> What the exercise asks
Look through the listing below for the line with "Страстные занятия. Виллем" and the line with "Beach huts were". Copy both, along with every line between them, exactly and with no pictures.

> Source information
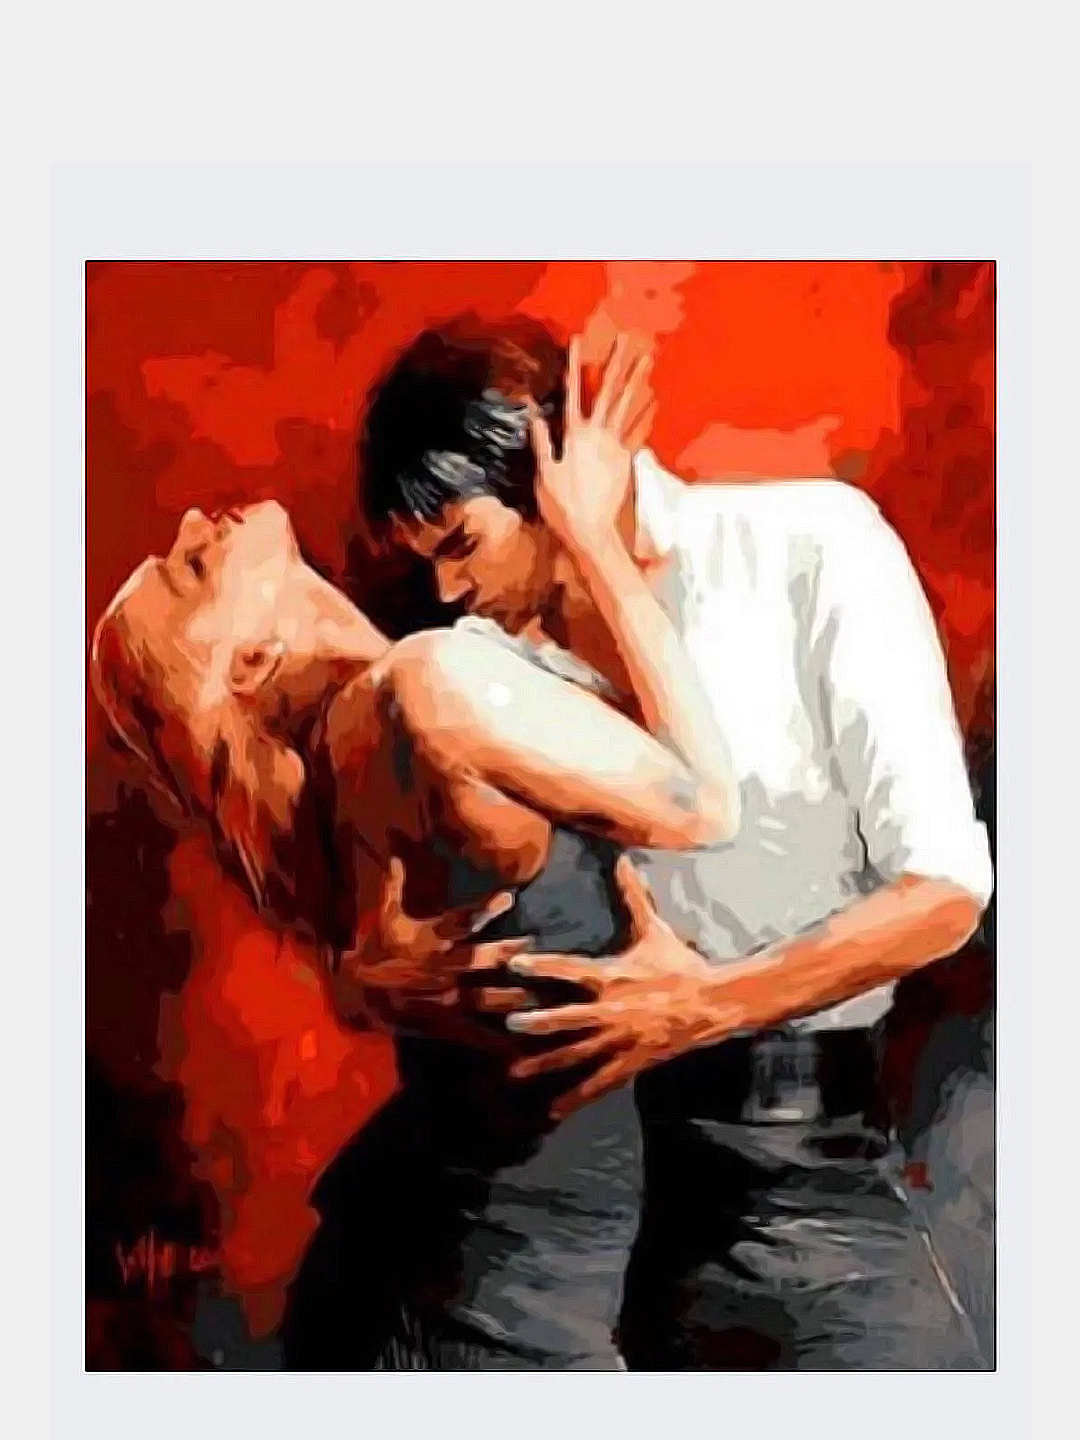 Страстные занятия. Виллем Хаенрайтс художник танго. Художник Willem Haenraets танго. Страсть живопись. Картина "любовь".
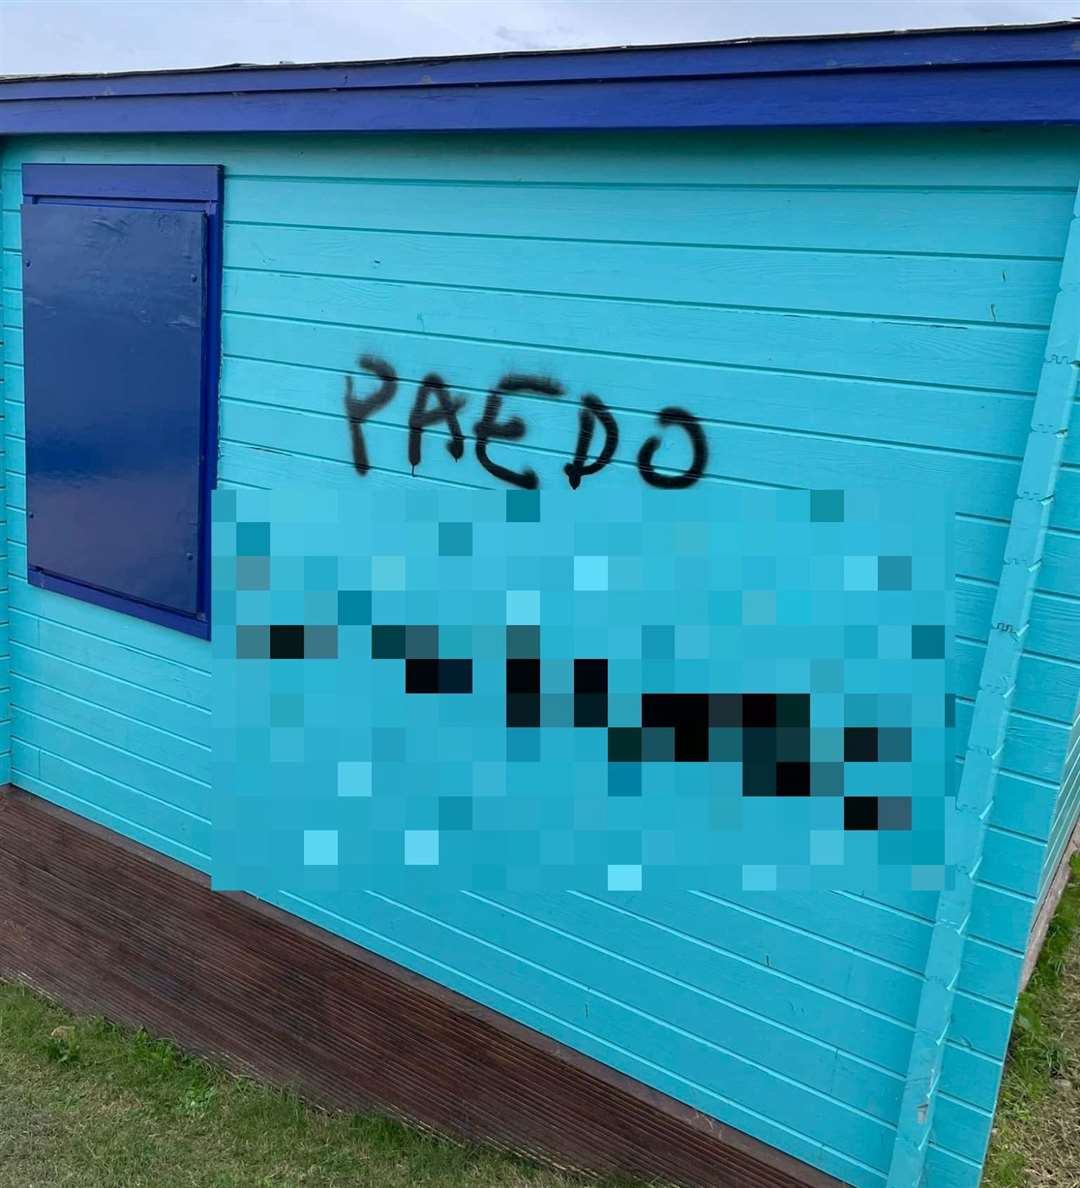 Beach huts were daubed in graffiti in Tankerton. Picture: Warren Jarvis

---

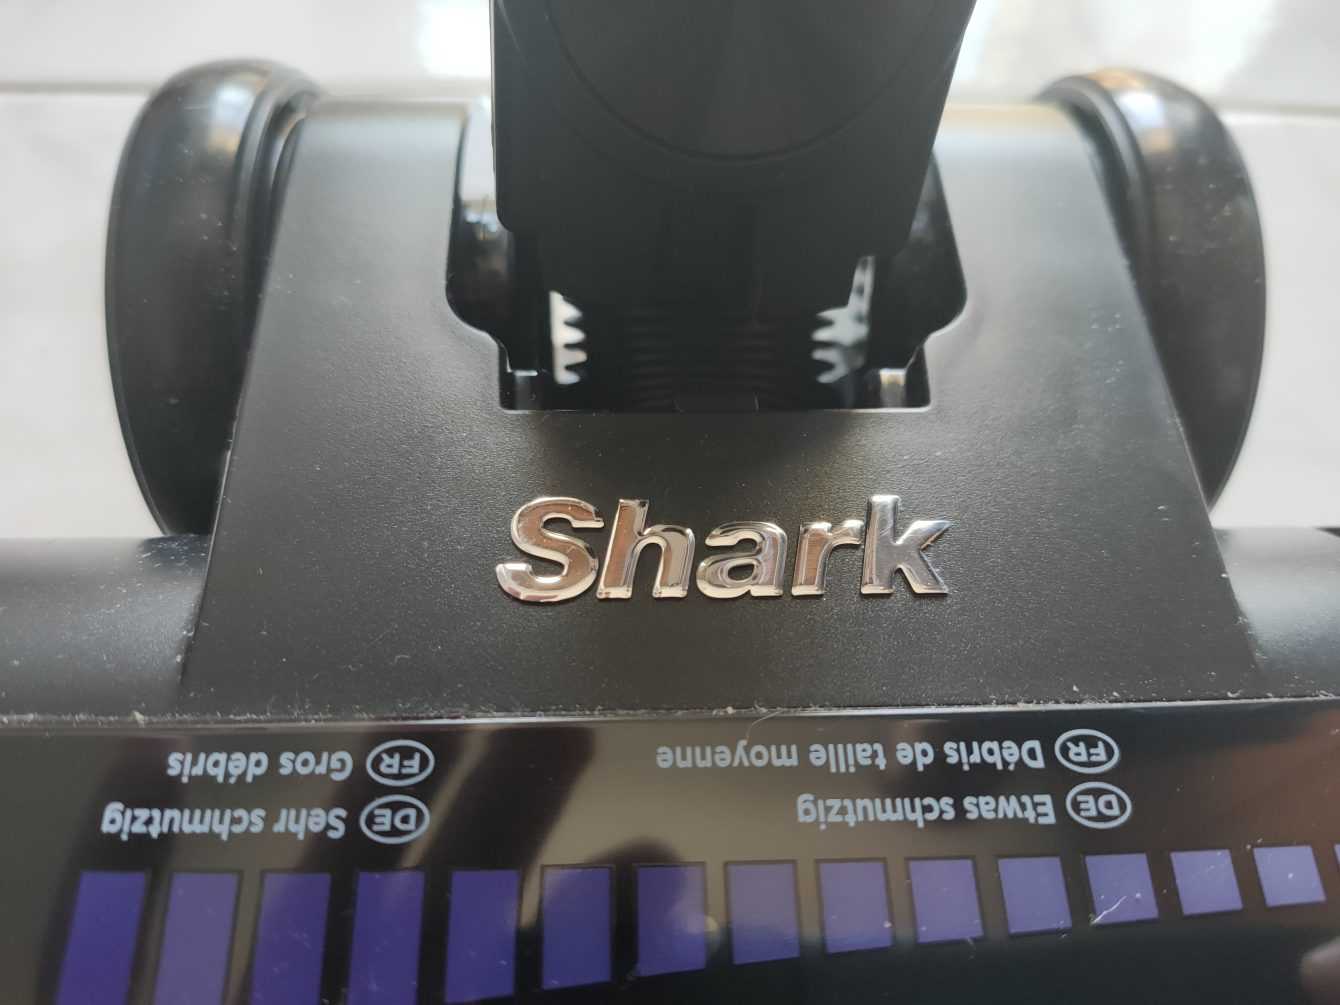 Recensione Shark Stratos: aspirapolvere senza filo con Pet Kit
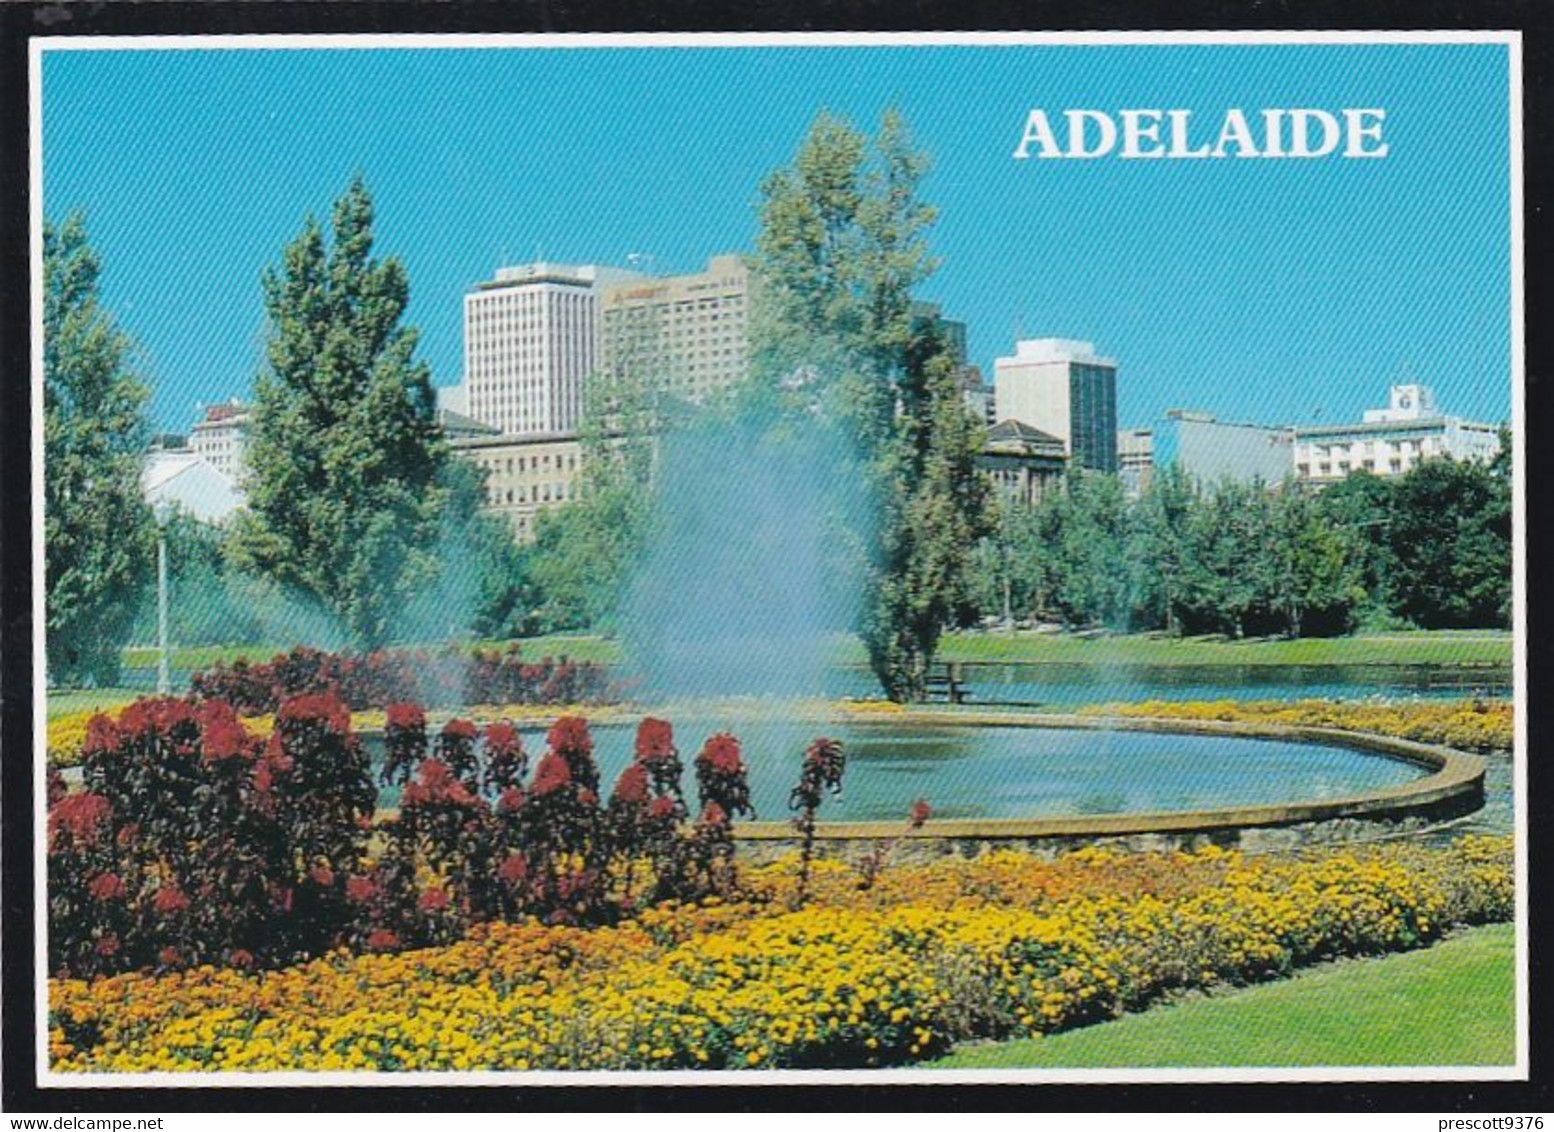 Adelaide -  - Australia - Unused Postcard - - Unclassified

> Answer area
 Страстные занятия. Виллем Хаенрайтс художник танго. Художник Willem Haenraets танго. Страсть живопись. Картина "любовь".
 Beach huts were daubed in graffiti in Tankerton. Picture: Warren Jarvis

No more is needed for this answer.